The area is growing. New businesses are opening and more people are interested in moving to the area. Drive into Danville and go by the Schoolfield site and you’ll see the construction start for the coming casino that Scearce said might not happen. Scearce couldn’t scare the voters in Danville into voting no on the casino and he can’t stop people in Pittsylvania County from volunteering with the fire rescue departments either. So, if you are new to the area and are seeing Scearce’s show, you should know that most people who live here don’t pay attention to him that much anymore. He seems to like to try to provoke people into anger, but I kinda think of him as a crazy uncle, who sometimes is entertaining, sometimes annoying, but unique in his own way. The Warren machine is just desperately struggling to find a way to be relevant and hopefully they’ll eventually figure out a more positive way to do it than what they have been so far since their election loss.
And if you are new to the area spend a day and drive around the county. You’ll go by dozens of volunteer fire stations and you might even see an emergency vehicle on the road. The reality is, the volunteer fire and rescue volunteers are in integral part of the community and they are working harder than ever. The past few months have seen records calls for 911 EMS transport service, and they recently were on track to run 200 calls a week, way above their average of 140-170 a week, due to the covid surge. It has been tough, because area hospitals have been flooded, and short staffed, to the point where diversions to over 90 minutes away is often required. Each time that happens it can tie an emergency vehicle and its crew up for hours. Volunteers are working overtime and stretched, and despite all of that are still answering over 90% of the calls. Critical patients are still getting in quickly, but things like common colds and broken ankles take up a lot of time. This has been happening all over the country.

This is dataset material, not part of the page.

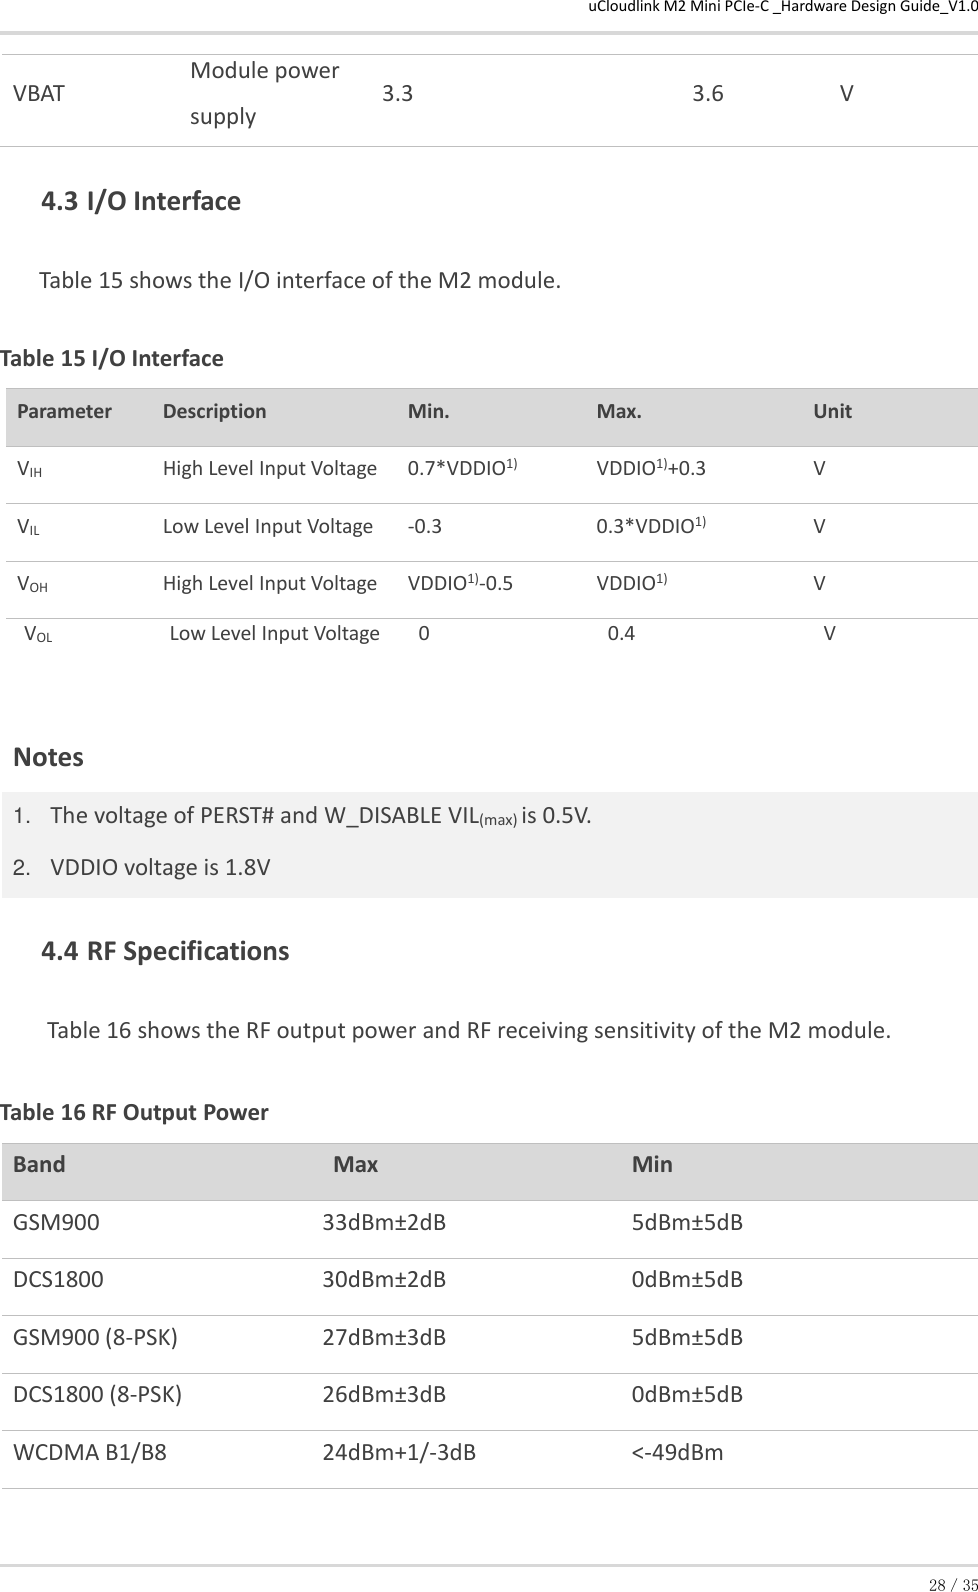 uCloudlink M2 Mini PCIe-C _Hardware Design Guide_V1.0 28／35 VBAT  Module power supply 3.3   3.6  V   4.3  I/O Interface     Table 15 shows the I/O interface of the M2 module.   Table 15 I/O Interface Parameter Description  Min. Max.  Unit VIH  High Level Input Voltage 0.7*VDDIO1)  VDDIO1)+0.3  V  VIL  Low Level Input Voltage -0.3  0.3*VDDIO1)  V  VOH  High Level Input Voltage VDDIO1)-0.5  VDDIO1)  V  VOL  Notes  Low Level Input Voltage 0                                    0.4                                      V  1. The voltage of PERST# and W_DISABLE VIL(max) is 0.5V. 2. VDDIO voltage is 1.8V  4.4  RF Specifications Table 16 shows the RF output power and RF receiving sensitivity of the M2 module.  Table 16 RF Output Power Band Max Min  GSM900  33dBm±2dB  5dBm±5dB  DCS1800  30dBm±2dB  0dBm±5dB  GSM900 (8-PSK)  27dBm±3dB  5dBm±5dB  DCS1800 (8-PSK)  26dBm±3dB  0dBm±5dB  WCDMA B1/B8  24dBm+1/-3dB  &lt;-49dBm  
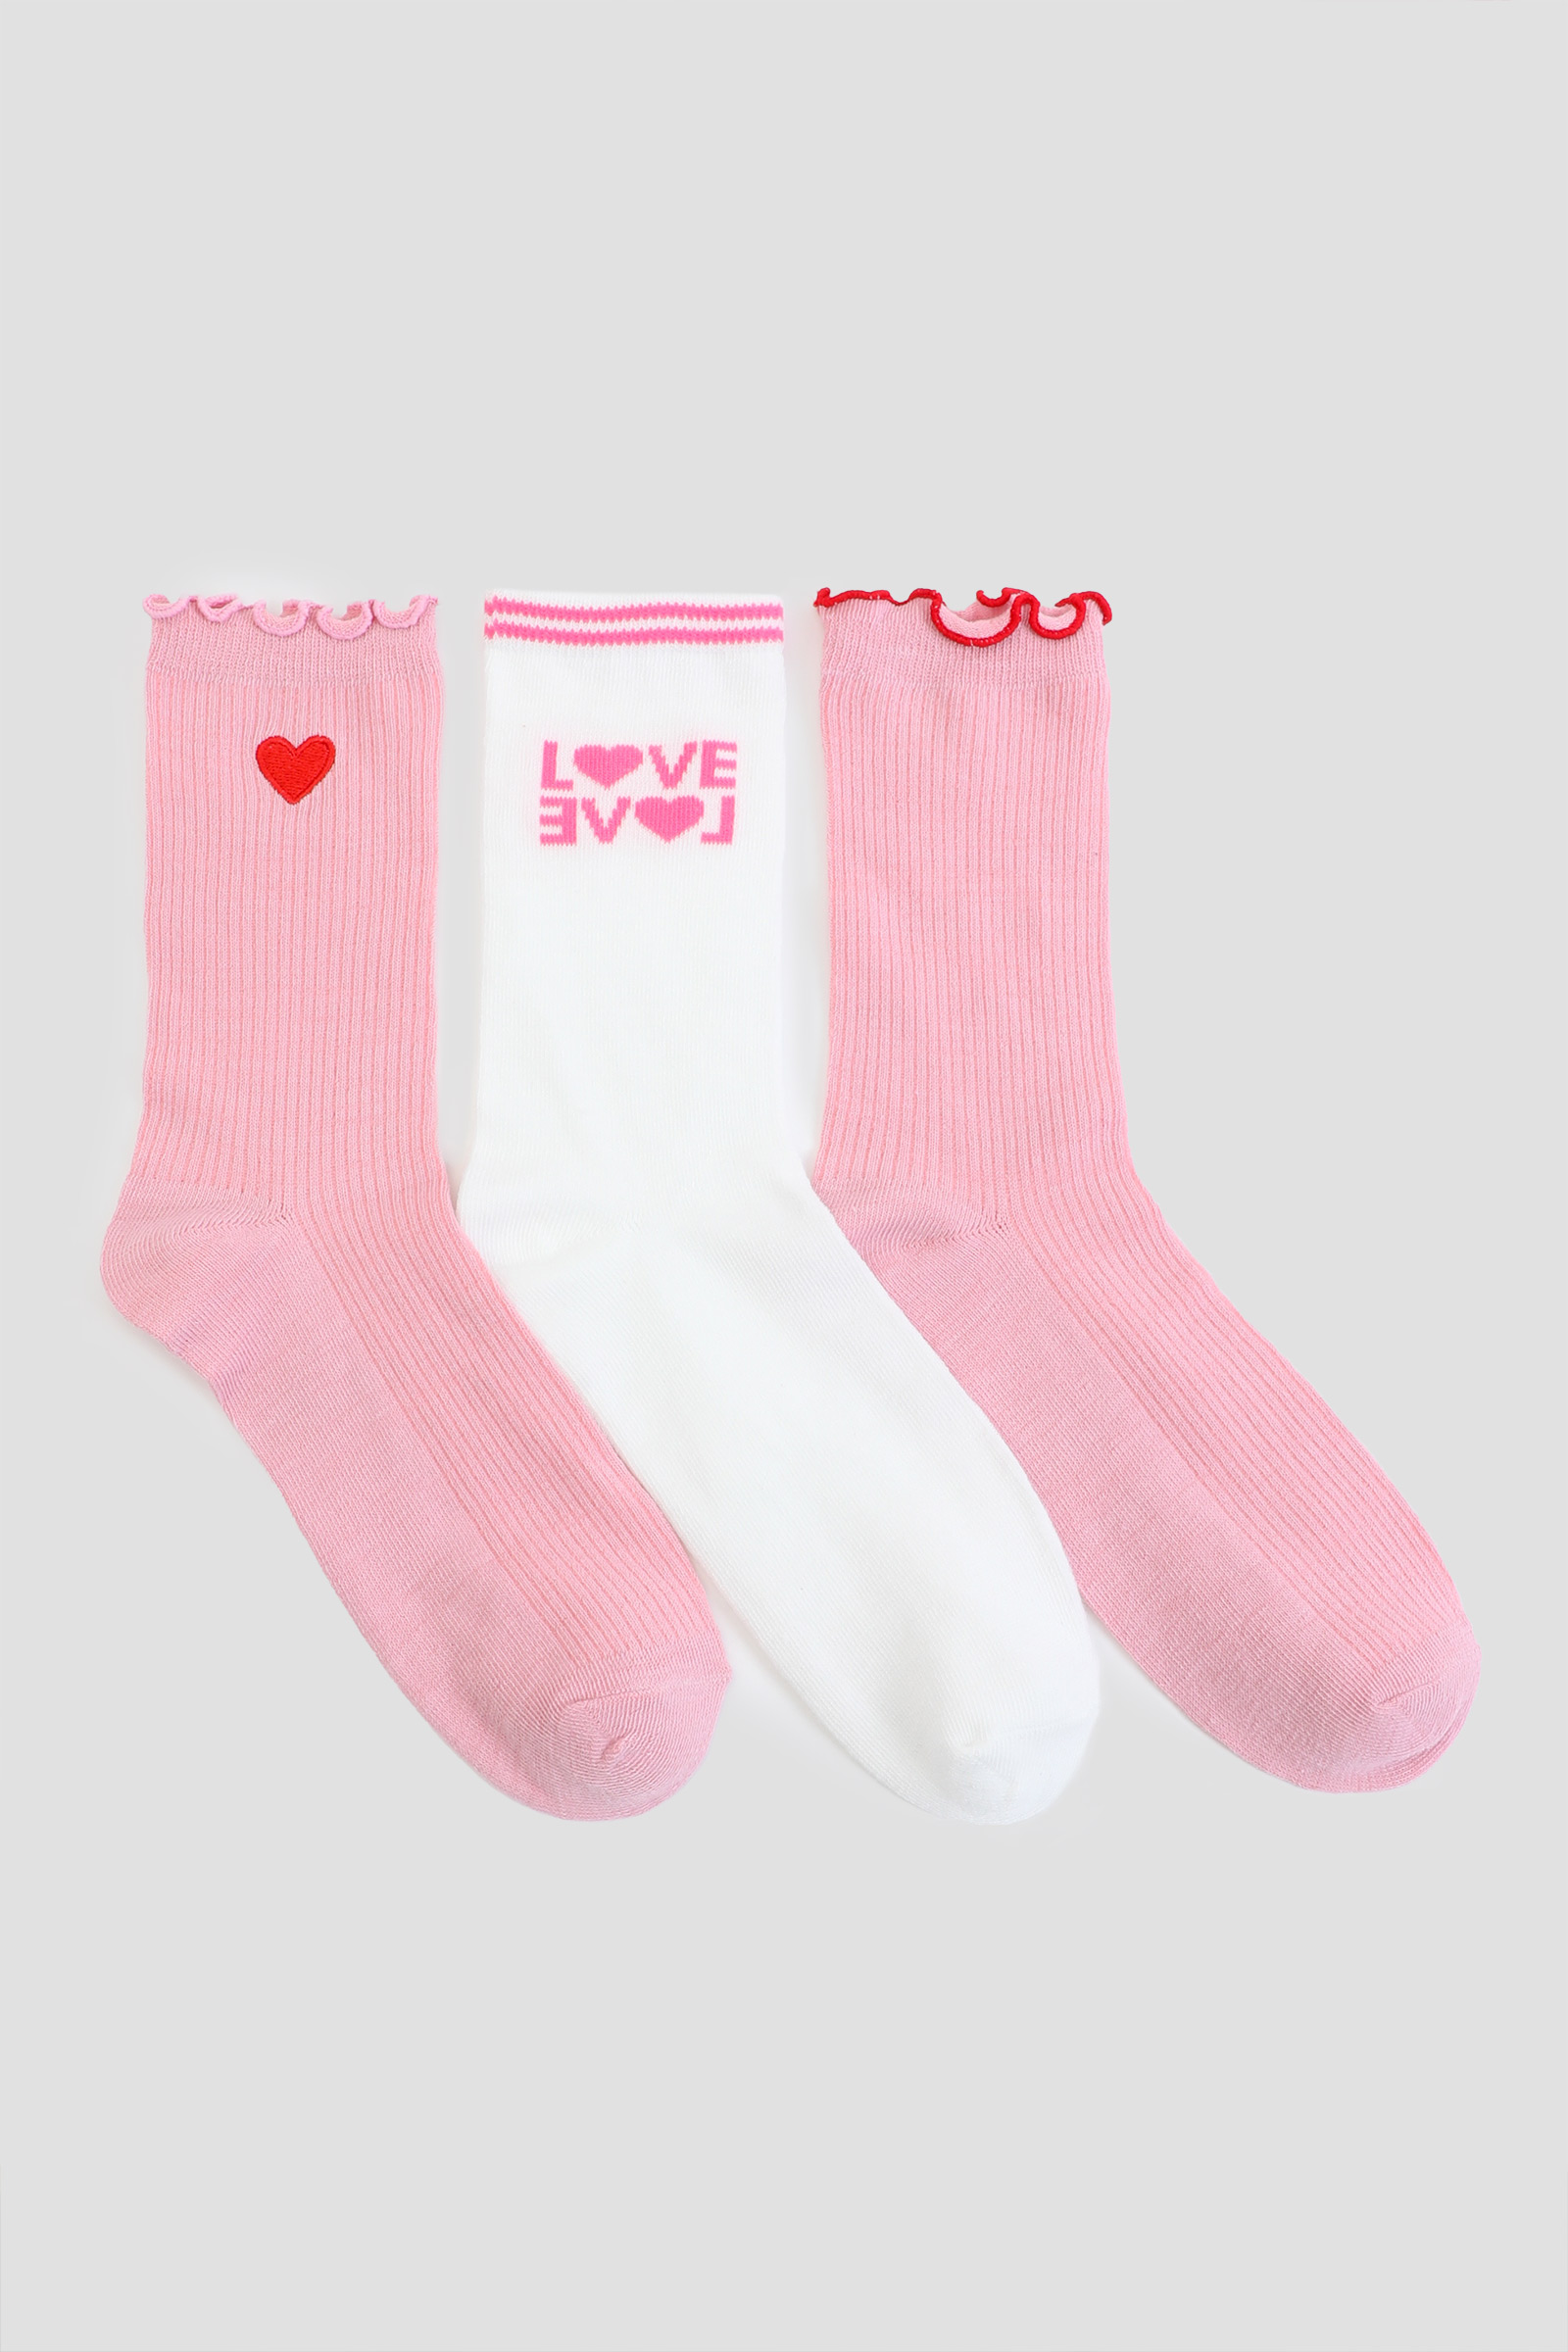 Ardene 3-Pack Valentine's Day Socks in Light Pink | Polyester/Spandex

There are a lot of benefits to volunteering. It is rewarding to be a part of something beneficial to others, fun to learn new skills, and is a good way to stay active and fit no matter what one’s age. I think of the person who volunteers with a fire and rescue agency or serves on one of their boards or someone who simply donates to them, and think of what they are all doing for everyone and see in those actions some of the best of the area to be thankful for.